Example 13 To a 200 ml glass autoclave was added 5.0 g (SnCl ₄ : 7.1 mmol) of the resin complex prepared in Reference Example 1 and 104 g (1.0 mol) of styrene, and the reaction was carried out at 100 ° C. for 3 hours. went. The obtained polymer was dissolved in THF, the resin complex was collected by filtration, and then GPC measurement was performed. As a result, it was found that polystyrene having a number average molecular weight of 7800 was obtained.

Example 14 To a 200 ml glass autoclave, 5.0 g (SnCl ₄ : 7.1 mmol) of the resin complex prepared in Reference Example 1 and 114 g (1.0 mol) of caprolactone were added, and 60
The reaction was performed at 4 ° C. for 4 hours. The obtained polymer was dissolved in THF, the resin complex was collected by filtration, and GPC measurement was performed.
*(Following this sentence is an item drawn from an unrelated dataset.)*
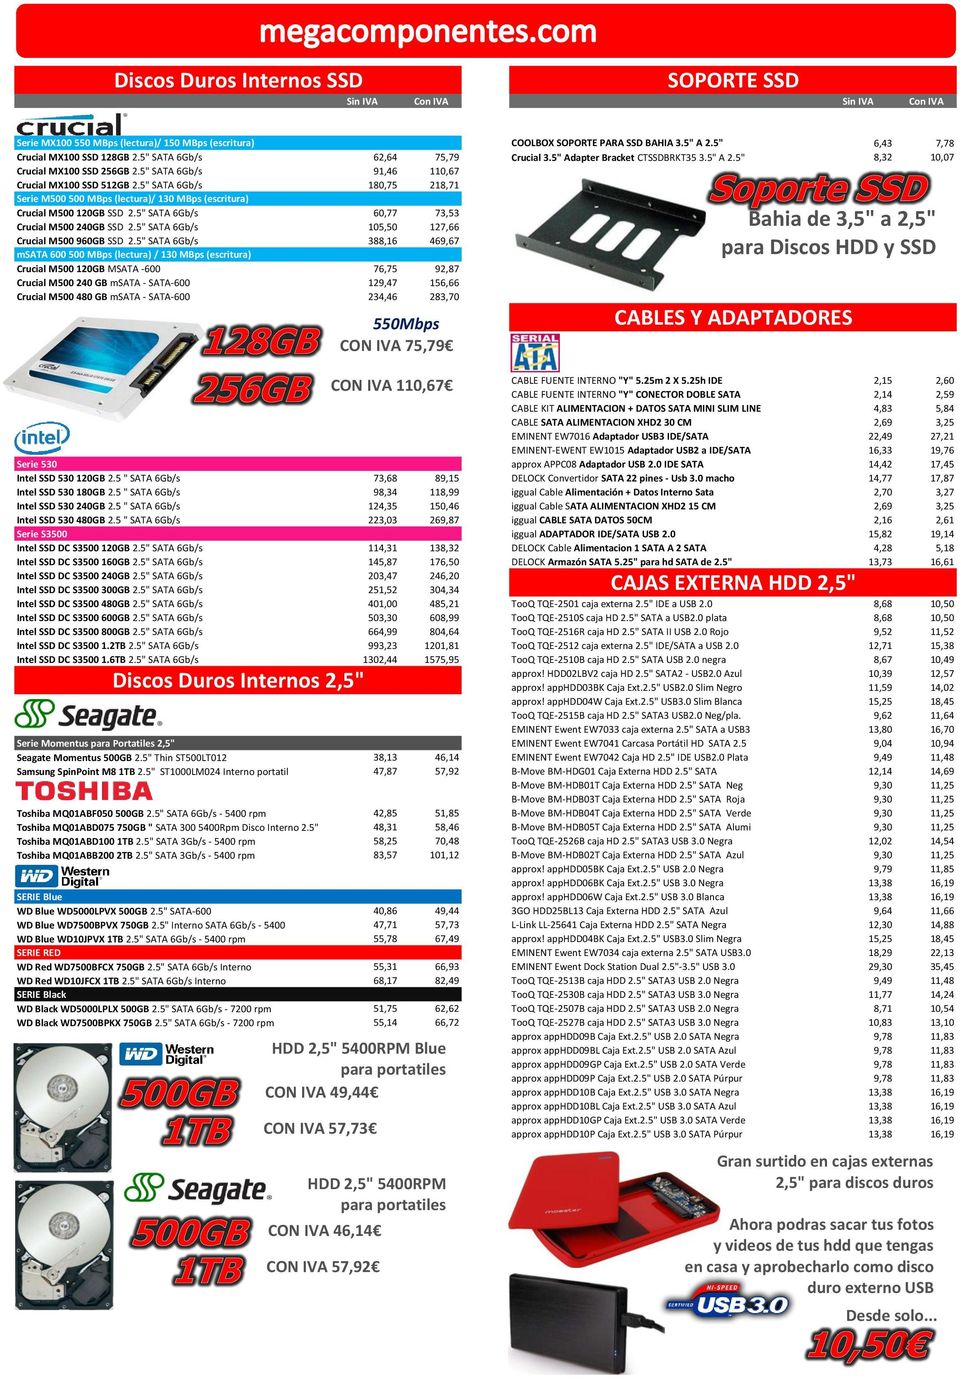 5" SATA 6Gb/s 91,46 110,67 Crucial MX100 SSD 512GB 2.5" SATA 6Gb/s 180,75 218,71 Serie M500 500 MBps (lectura)/ 130 MBps (escritura) Crucial M500 120GB SSD 2.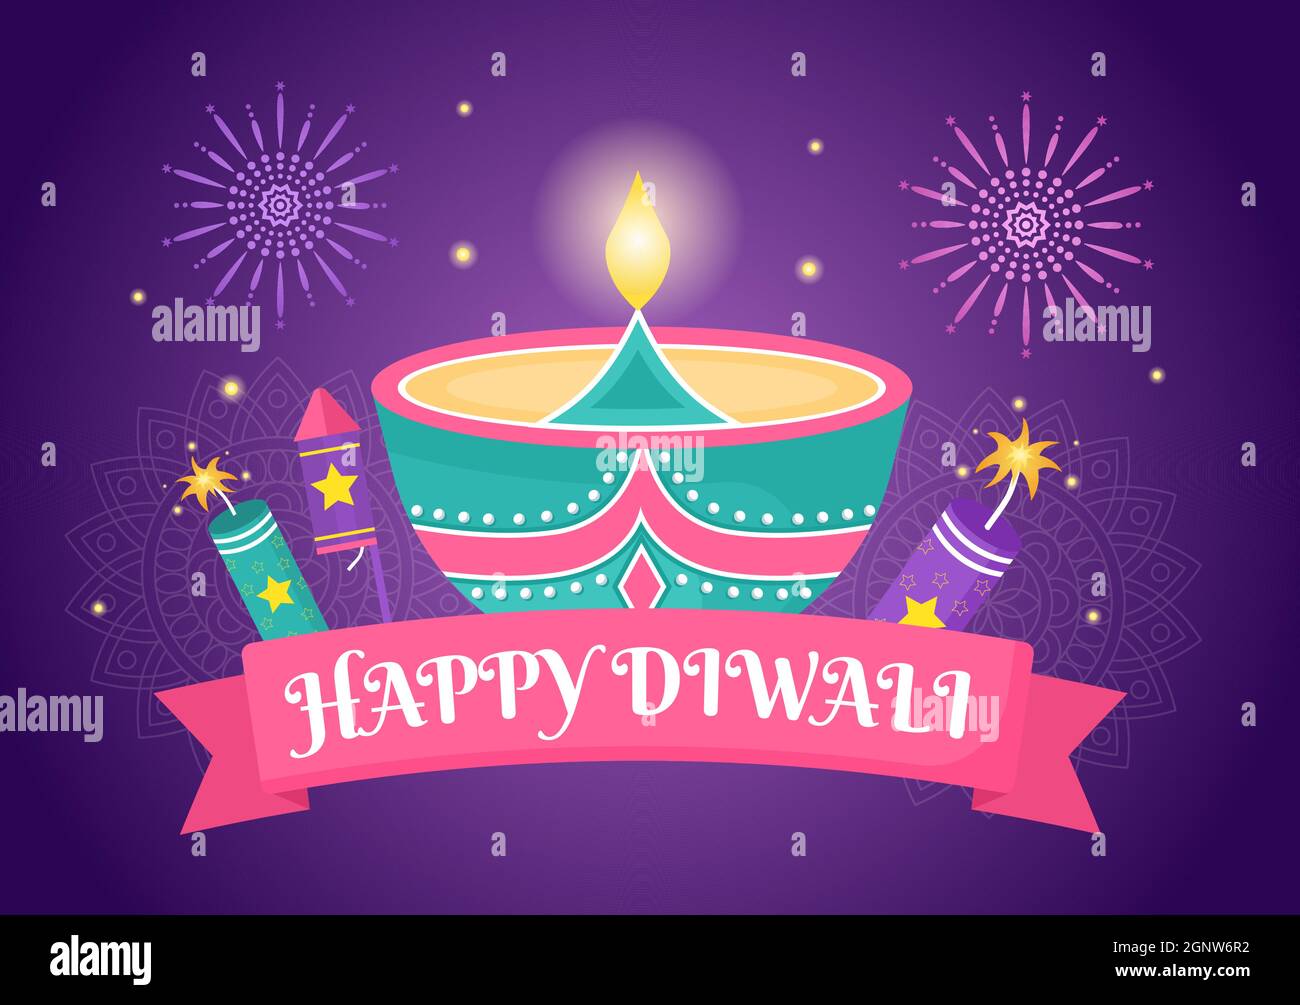 Happy Diwali Hindu Festival Background Vector Illustration with ...

As a result, it was found that polycaprolactone having a number average molecular weight of 2800 was obtained.

[0079]

INDUSTRIAL APPLICABILITY The complex consisting of a metal halide and a quaternary salt type ion exchange resin, which has not been used for catalytic purposes until now, has been found by the present invention. Acts as. The complex catalyst can be used as a catalyst even in the presence of water. further,
Since the complex catalyst is a solid substance, it can be separated from the reaction solution after the reaction by a simple method such as filtration or decantation and can be reused.

Claims (10)

[Claims] 1. A compound of the general formula (I) (In the formula, M represents at least one metal selected from the group consisting of elements from Group A to Group VB of the periodic table, X ₁ represents a halogen atom, and q is an integer equal to the valence number of M. A Lewis acid catalyst comprising a metal halide represented by: and a quaternary salt type anion exchange resin. 2. The metal halide is Sn, Ga, In,
Sc, Fe, Al, B, Zn, Ti, Zr, Sb, C
The catalyst according to claim 1, which is a halide of at least one metal selected from the group consisting of d, Y and lanthanoid metals. 3. The catalyst according to claim 1, which is used for an ene reaction. 4. The catalyst for ene reaction according to claim 1, wherein the metal halide is a halide of at least one metal selected from the group consisting of Sn, Ga, In and Sc. 5. The catalyst according to claim 1, which is used for a Diels-Alder reaction. 6. The metal halide is Fe, Zn, Al,
The catalyst for Diels-Alder reaction according to claim 1, which is a halide of at least one metal selected from the group consisting of Ti, Zr, Sn, Ga, In and Sc. 7. The catalyst according to claim 1, which is used for Friedel-Crafts alkylation reaction. 8. The metal halide is Fe, Zn, Al,
The catalyst for Friedel-Crafts alkylation reaction according to claim 1, which is a halide of at least one metal selected from the group consisting of Ti, Zr, Sn, Ga, In and Sc. 9. The catalyst according to claim 1, which is used for a cationic polymerization reaction. 10. The metal halide is Fe, Al, T.
The catalyst for cationic polymerization reaction according to claim 1, which is a halide of at least one metal selected from the group consisting of i, B, Zr, Sn, Ga and Sb.